I wanted to lift my hands in surrender out of habit, but I couldn’t make myself do it. It was like admitting that everything was broken, that nothing good would ever last. Which should have been obvious, especially to me, who’d lived through the death of Earth. And my mother.

“I’ll never forgive you for this,” I said quietly. “In a hundred years, I will not forgive you.” I stared at his face, looking for some sign of regret, some indication that my only possible blow had landed true, but the only thing I found was exhaustion. His brow creased for an instant, then everything was smooth. Easy. Done.

“There’s nothing for it, Char,” he said, almost gently, and any remaining protest died on my lips. “Let’s go.”

I went. What else could I do?

The hallway stretched before me, gaudy and bright. Maybe Adam would let me wake up in Eirenea, but I doubted it. Maybe, years from now, his horrible drug would become illegal, or he’d die, and I’d be rescued. I’d wake up old, in an old woman’s body, with all the experience of a seventeen-year-old failure.

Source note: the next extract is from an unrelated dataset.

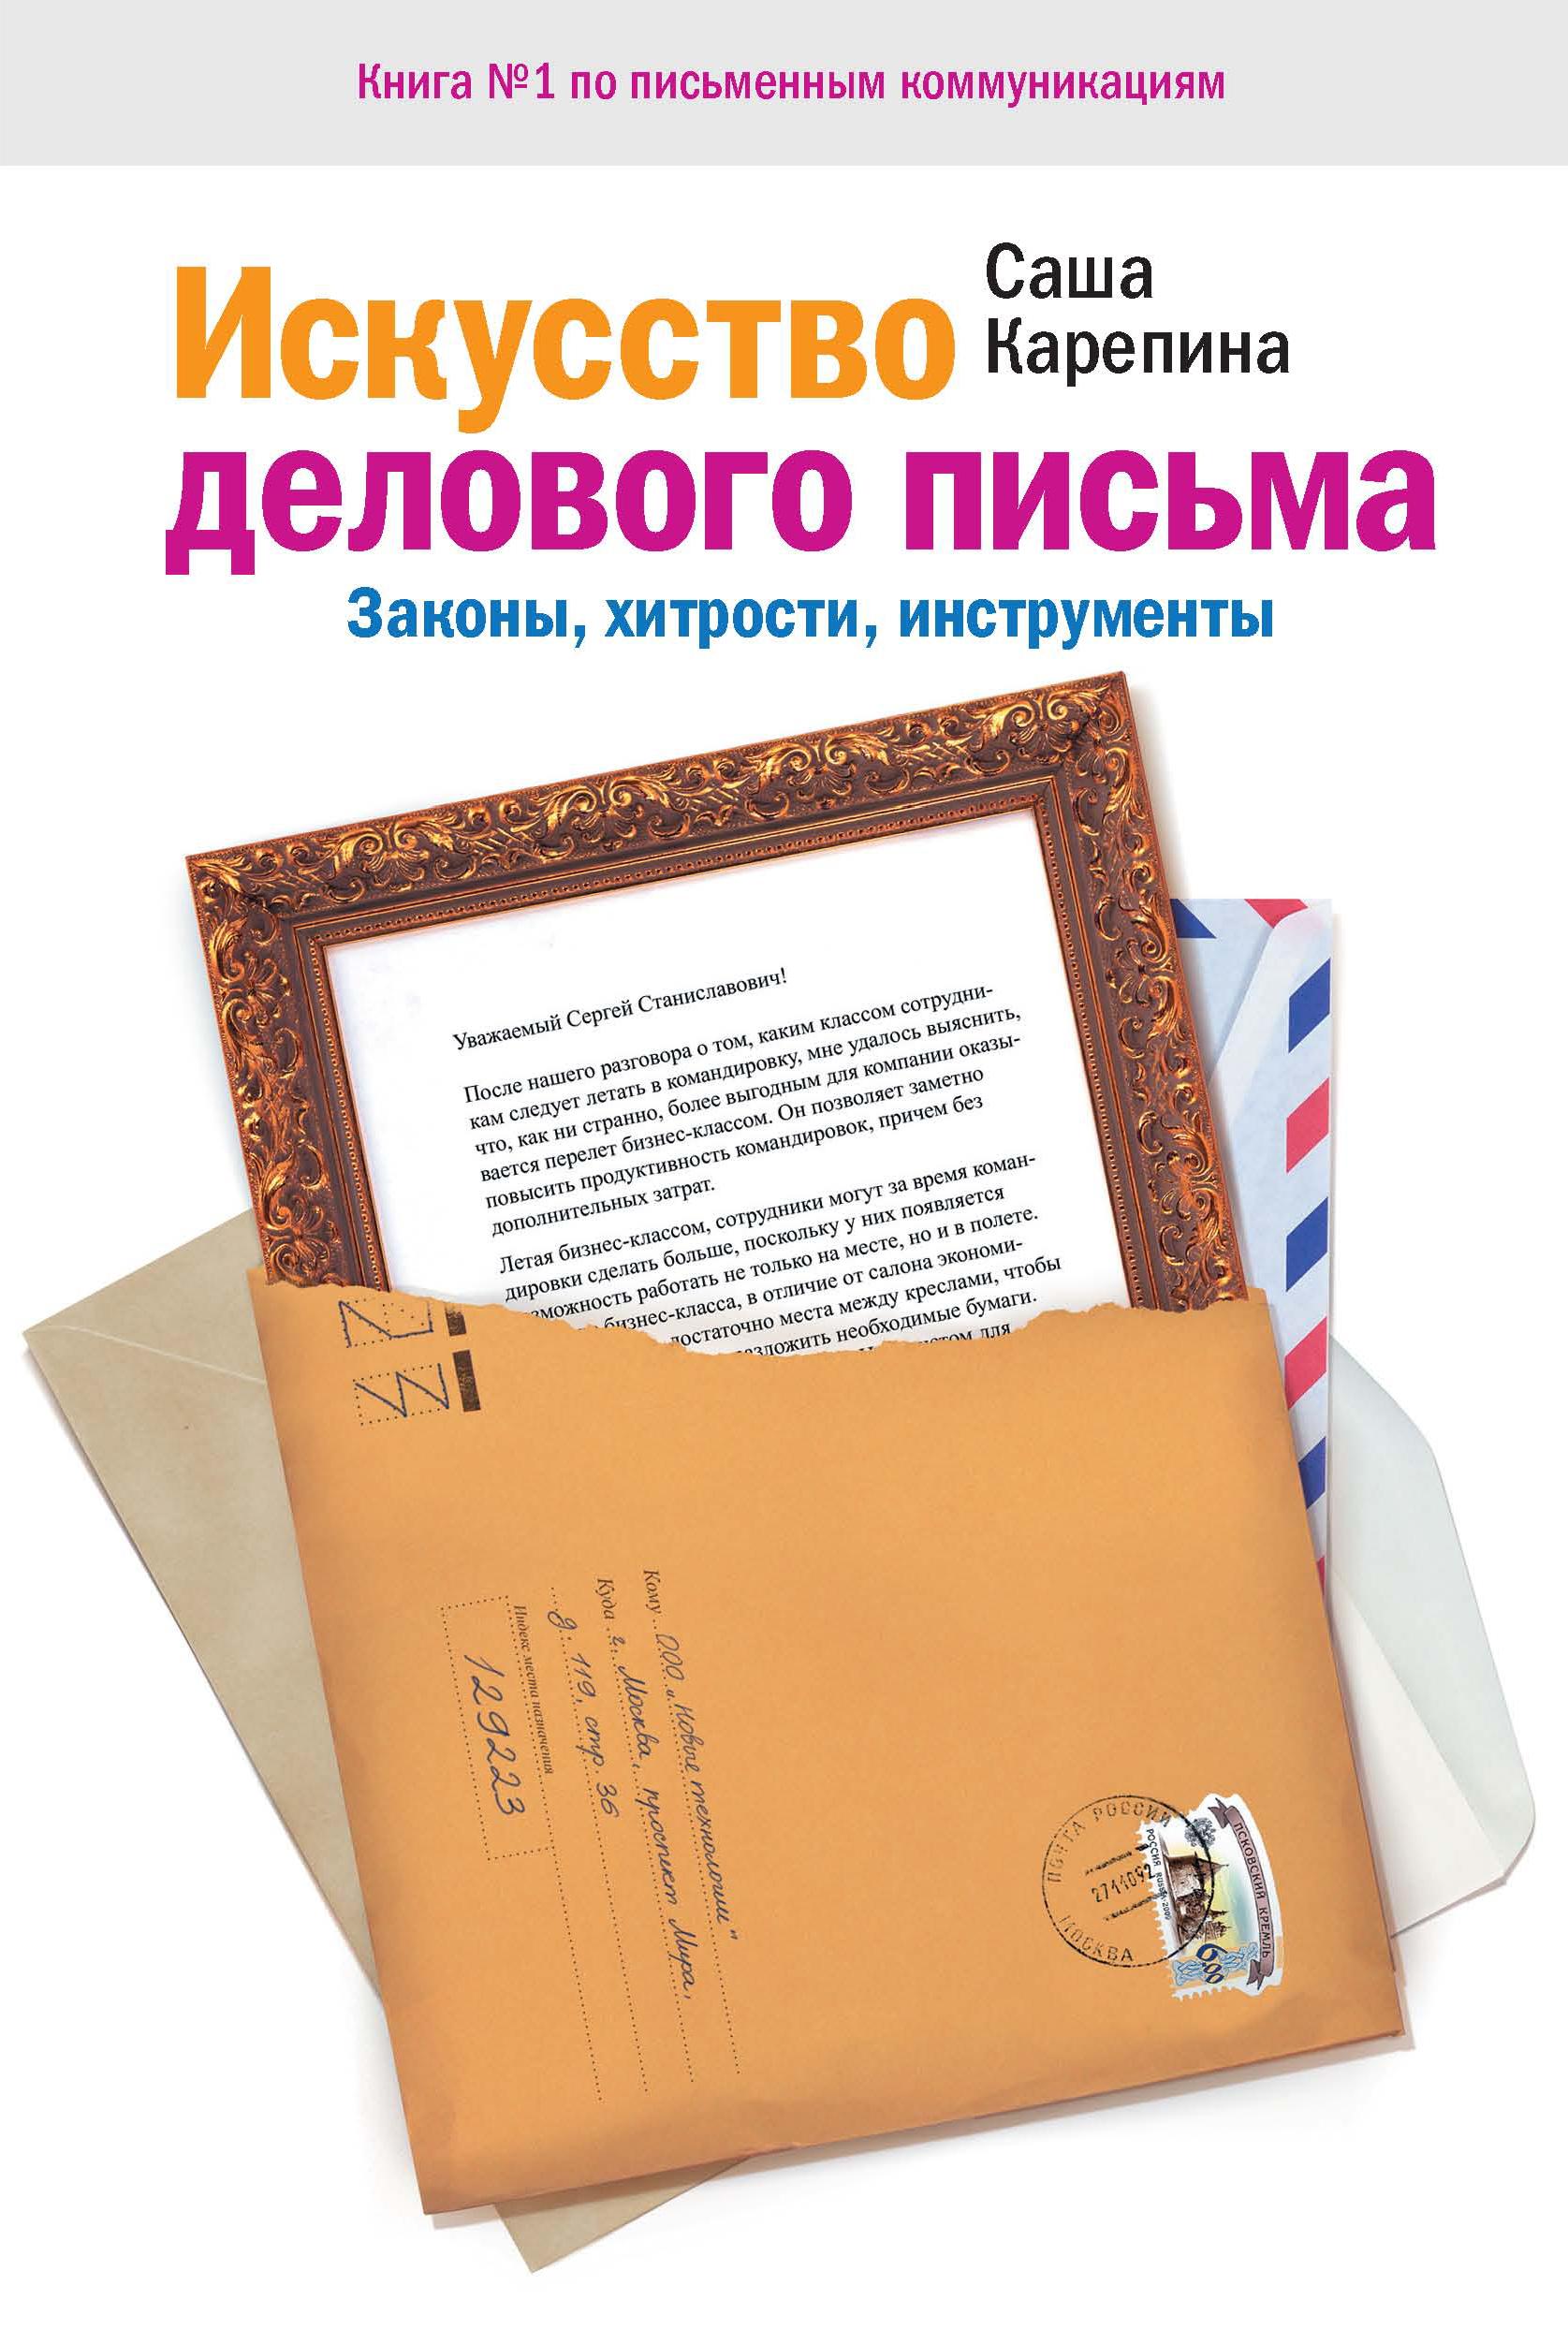 Искусство делового письма от book24.ru

Maybe my family would come for me.

Maybe the years would pass, and my captor would grow lonely, and I’d wake up with children. For ten minutes a year, I’d drink in their faces and worry over the lives they led.

Or maybe he would let me die.

I found my voice halfway to headquarters. “How could you.”

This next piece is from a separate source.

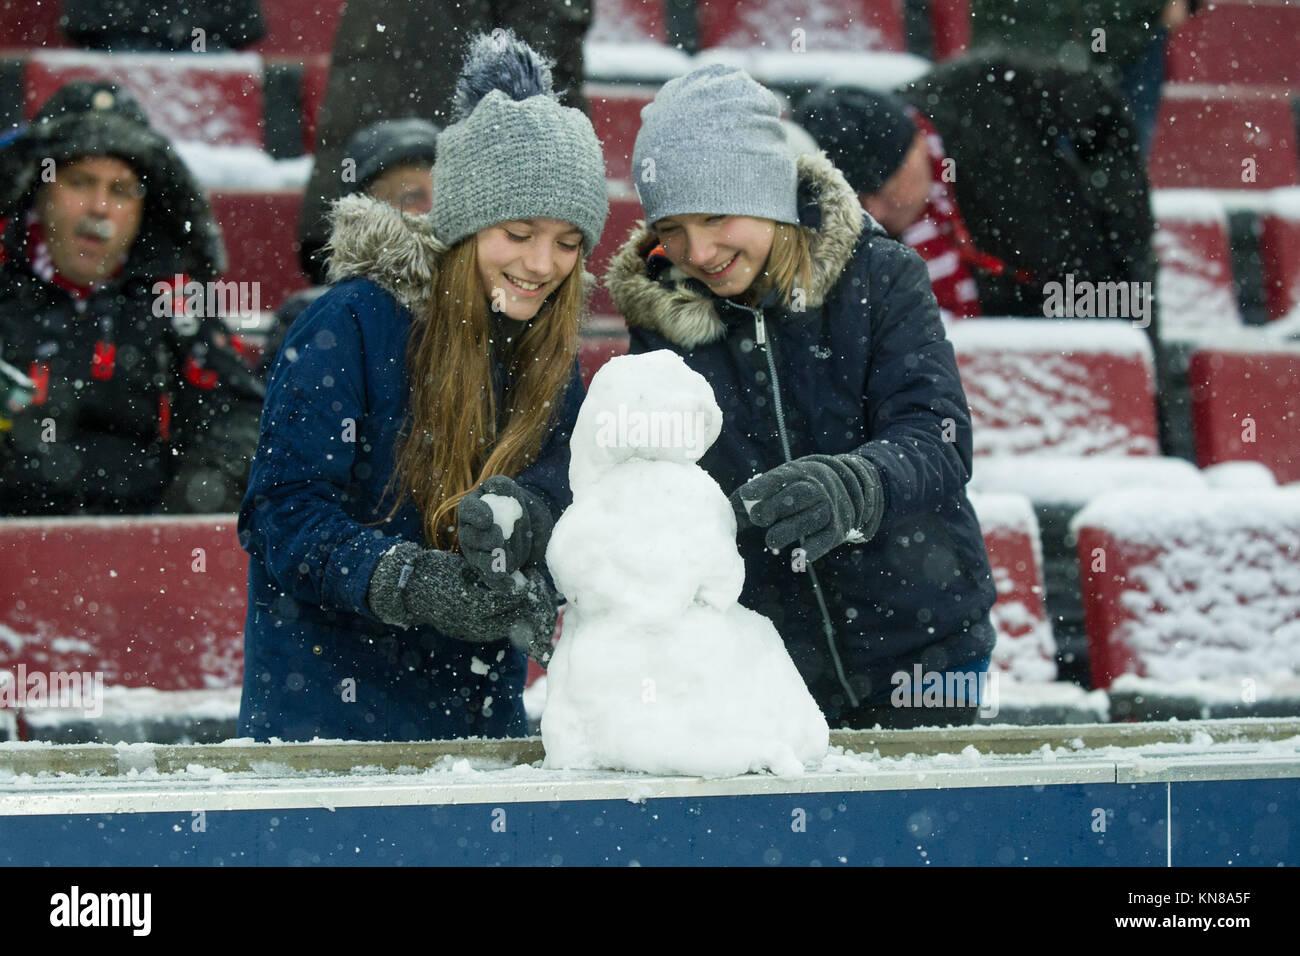 Koeln, Deutschland. 10th Dec, 2017. Zwei Maedchen bauen auf der Tribiuene einen Schneemann, Trib ne, Spielverspaetung, Stock Photo

“It’s for the best,” he said evenly. “You don’t understand. He’s too strong.”

“He must be, Eren. With you on his side.”

“It’s not just me. There isn’t anyone, on any ship, that wants us all to go to war. That’s what he’s saving us from.”

We were a fragile race. We must have always been. Only now, we knew it.

Adam was smug. He had every right to be. I stood before him in the cold room, and he gestured for me to sit. I squared my shoulders and lifted my chin. I wasn’t about to spend my last seconds of freedom doing as I was told.

Eventually, his smile grew serious, and my darling husband pressed down on my shoulders until my back hit the chair. The Lieutenant was slouched in a black leather chair nearby. She made no move to assist. Maybe she was drugged, too.

“Welcome back,” Adam said brightly. “I know I already said it, but man. It’s just so good to see the real you, Char.”

“We should do this more often,” I said.

“Eh, don’t hold your breath.” His lip twisted around again, and his hand went to his jacket. When I saw the needle, my tongue couldn’t swallow, and my throat went numb. “Now, Ambassador,” he said. “If you could restrain your wife for a moment.”

Eren’s hand was warm and heavy on my shoulder, and I chewed the inside of my cheek as hard as I could. The pain was the only good feeling I had left.

Adam rolled his eyes. “You’ll have to do better than that. She’s awake. That’s really her. Take it from me. We can’t afford to get complacent.”

The Lieutenant stirred, and Eren glanced at her for a moment before crouching down and pulling my arms together behind the chair.

“Now hold still,” said Adam. “This’ll only sting a bit.”

He looked at Eren, who nodded that he was ready, and came close. My arms jerked against Eren’s grip involuntarily, and he squeezed them tighter. I went ahead and stopped breathing. I needed to last five more seconds without crying, and I wasn’t sure I’d make it.

The needle flashed through the air, taking longer than necessary so that Adam had plenty of time to watch my reaction. I forced every cell in my brain to remain completely frozen. I would not give him the satisfaction. I couldn’t. But at the last minute, weakness won, and I closed my eyes.